WeightsUnpickler error: Unsupported global: GLOBAL numpy.core.multiarray._reconstruct was not an allowed global by default. Please use `torch.serialization.add_safe_globals([_reconstruct])` or the `torch.serialization.safe_globals([_reconstruct])` context manager to allowlist this global if you trust this class/function.
Check the documentation of torch.load to learn more about types accepted by default with weights_only https://pytorch.org/docs/stable/generated/torch.load.html.
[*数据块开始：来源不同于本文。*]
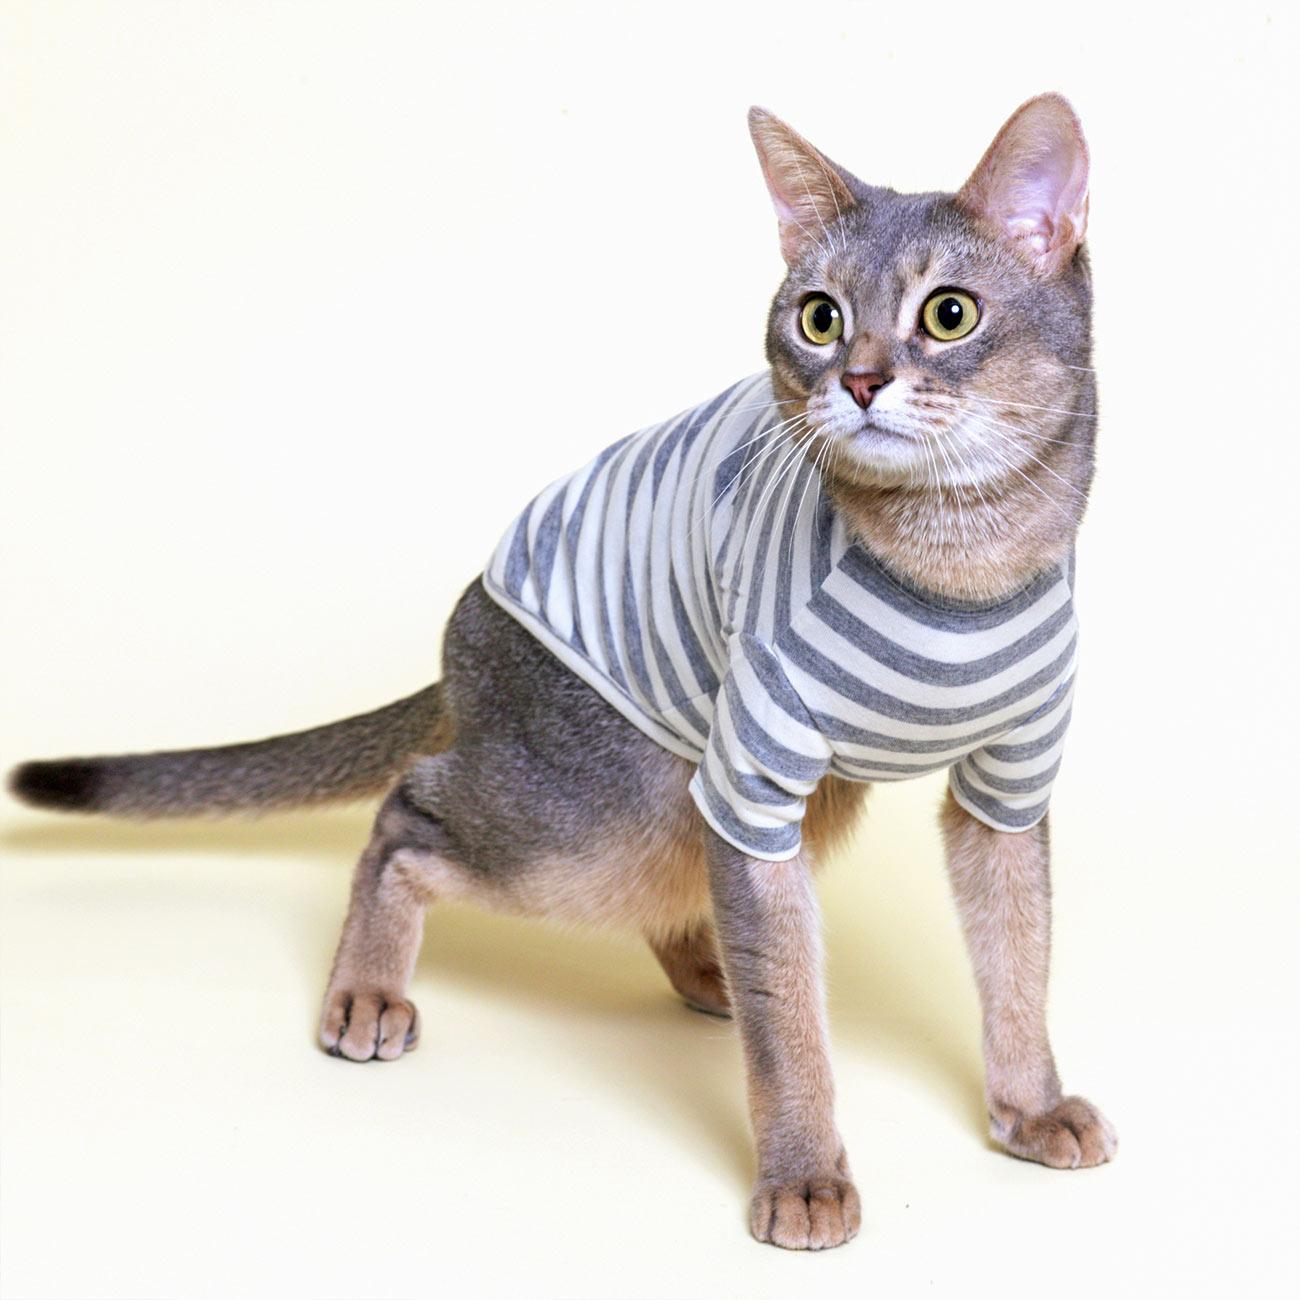 L.W.D. 猫の暮らし オーガニックネコTシャツ 【猫服 舐め防止 防寒 綿100%】

这是由于pytorch2.6及之后的版本中,torch.load() 中的默认参数weights_only
从 False
改成了True
,所以在需要导入权重参数时,应该重新改为'False'
打开train.py文件,找到第71行,在torch.load添加weights_only=False
run_id = torch.load(weights, weights_only=False).get('wandb_id') if weights.endswith('.pt') and os.path.isfile(weights) else None
找到第88行,同样添加weights_only=False
ckpt = torch.load(weights, weights_only=False)
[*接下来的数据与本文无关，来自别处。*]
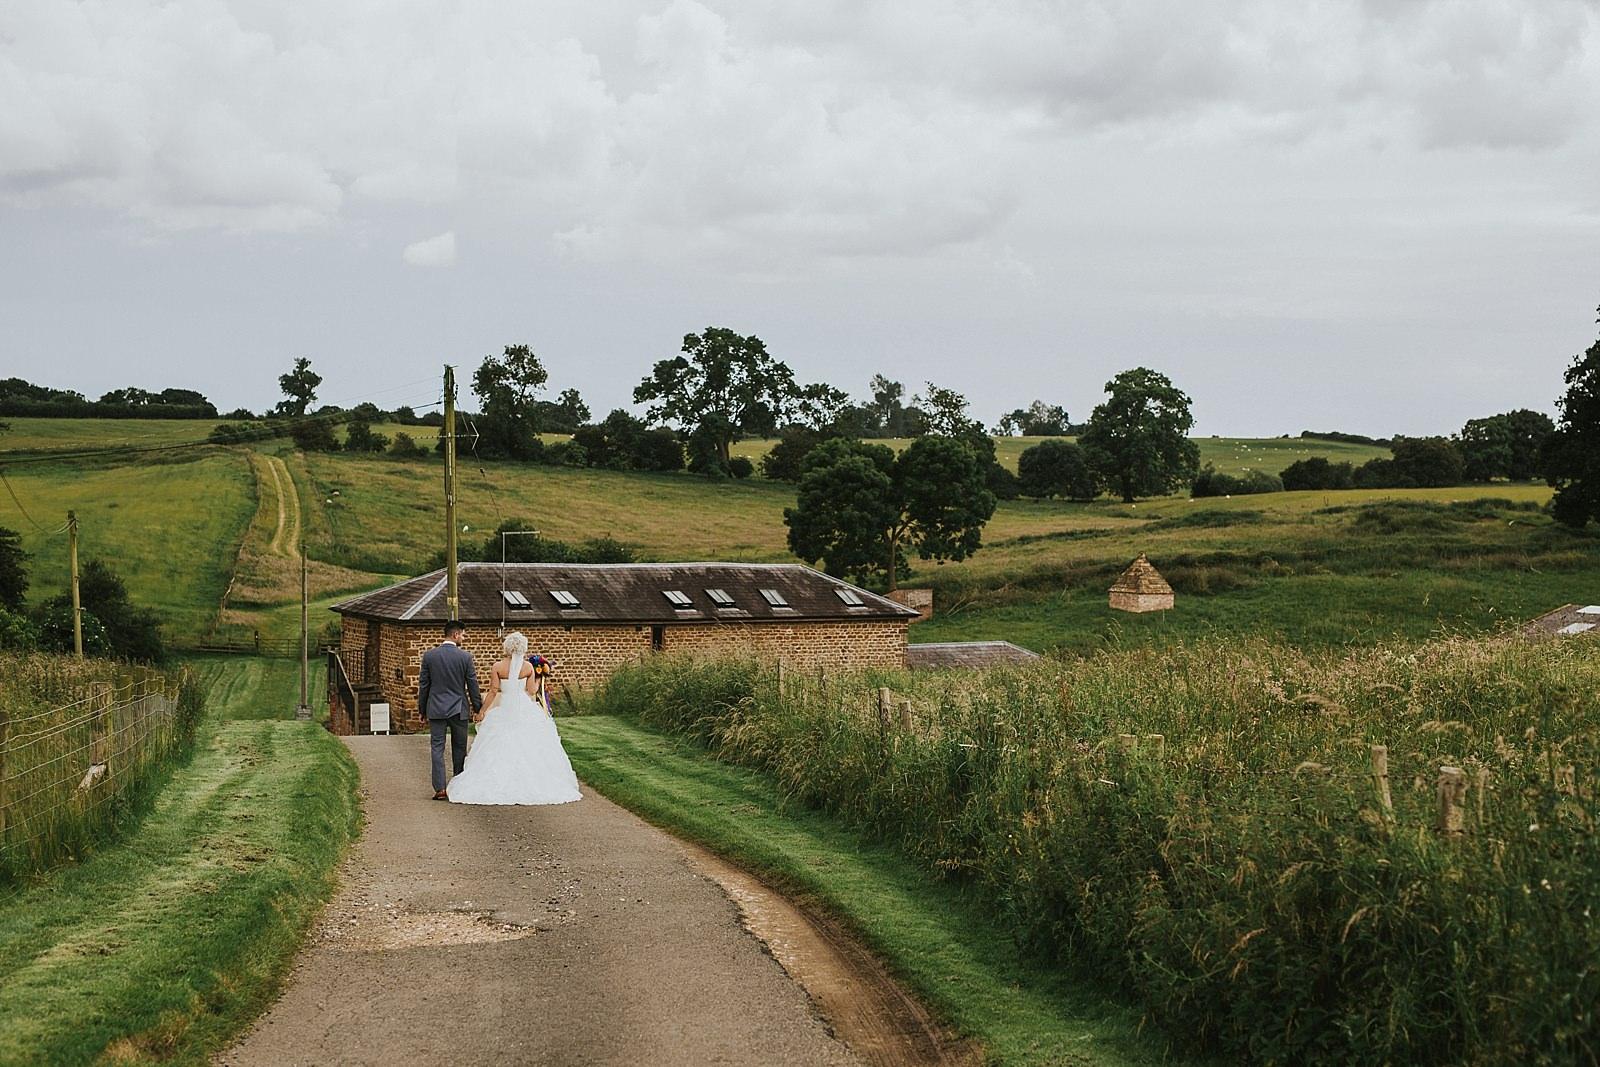 granary-at-fawsly-wedding-paula-stephen-417

打开utils文件夹下的datasets.py文件,找到385行,同样修改
cache, exists = torch.load(cache_path, weights_only=False), True # load
打开utils文件夹下的general.py,找到514行,改为
x = torch.load(f, map_location=torch.device('cpu'), weights_only=False)
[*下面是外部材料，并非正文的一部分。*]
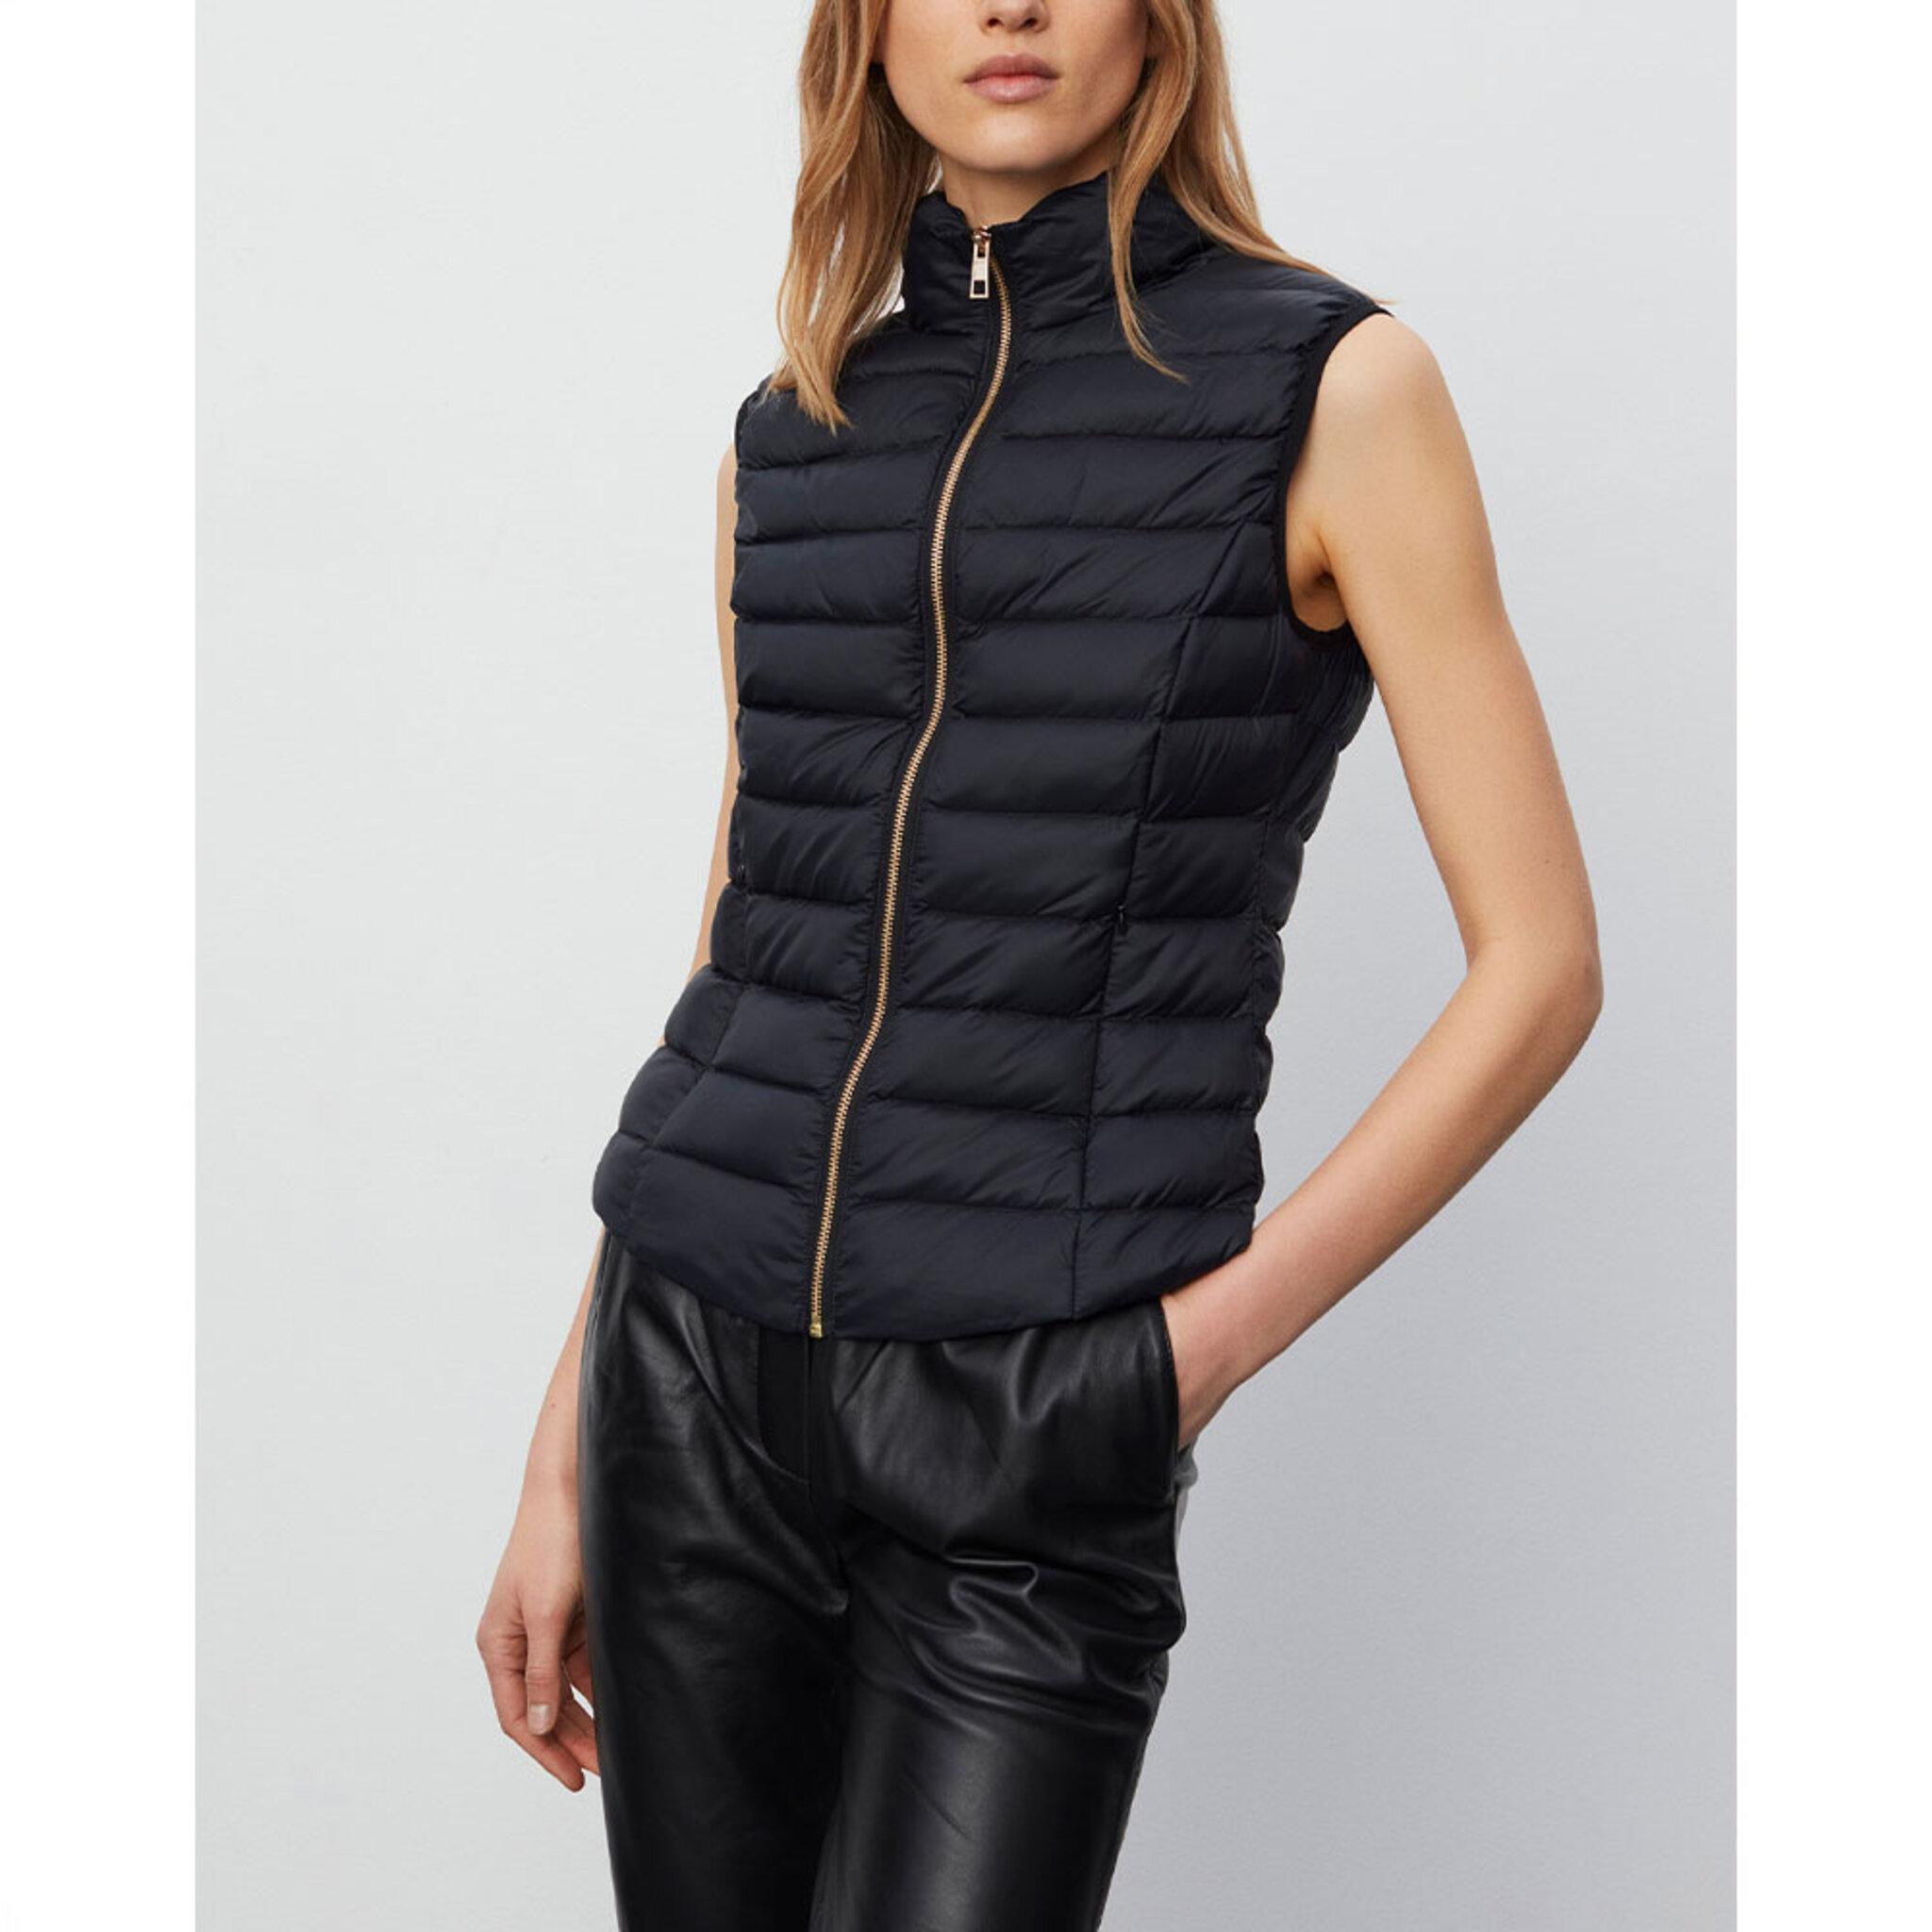 Dune Outerwear Jacket

打开models/experimental.py(这里是模型pt转化onnx时需要用到),找到118行,改为
ckpt = torch.load(w, map_location=map_location, weights_only=False) # load
2. 提示【AttributeError: module 'numpy' has no attribute 'int'. use'np.int32' or 'np.int64'】
Transferred 378/386 items from weights/v5Lite-e.pt
Scaled weight_decay = 0.0005
Optimizer groups: 66 .bias, 66 conv.weight, 63 other
train: Scanning '../work/train/labels' images and labels... 20 found, 0 missing, 0 empty, 0 corrupted: 100%|████████████████████████████████████████████| 20/20 [00:00<00:00, 68.39it/s]
train: New cache created: ../work/train/labels.cache
Traceback (most recent call last):
File "/home/abc/Code/Python/Yolov5/YOLOv5-Lite/train.py", line 544, in <module>
train(hyp, opt, device, tb_writer)
File "/home/abc/Code/Python/Yolov5/YOLOv5-Lite/train.py", line 190, in train
dataloader, dataset = create_dataloader(train_path, imgsz, batch_size, gs, opt,
^^^^^^^^^^^^^^^^^^^^^^^^^^^^^^^^^^^^^^^^^^^^^^^^^^^^^^^^^
File "/home/abc/Code/Python/Yolov5/YOLOv5-Lite/utils/datasets.py", line 63, in create_dataloader
dataset = LoadImagesAndLabels(path, imgsz, batch_size,
^^^^^^^^^^^^^^^^^^^^^^^^^^^^^^^^^^^^^^^^^^^^
File "/home/abc/Code/Python/Yolov5/YOLOv5-Lite/utils/datasets.py", line 411, in __init__
bi = np.floor(np.arange(n) / batch_size).astype(np.int) # batch index
^^^^^^
File "/home/abc/.local/lib/python3.12/site-packages/numpy/__init__.py", line 397, in __getattr__
raise AttributeError(__former_attrs__[attr], name=None)
AttributeError: module 'numpy' has no attribute 'int'.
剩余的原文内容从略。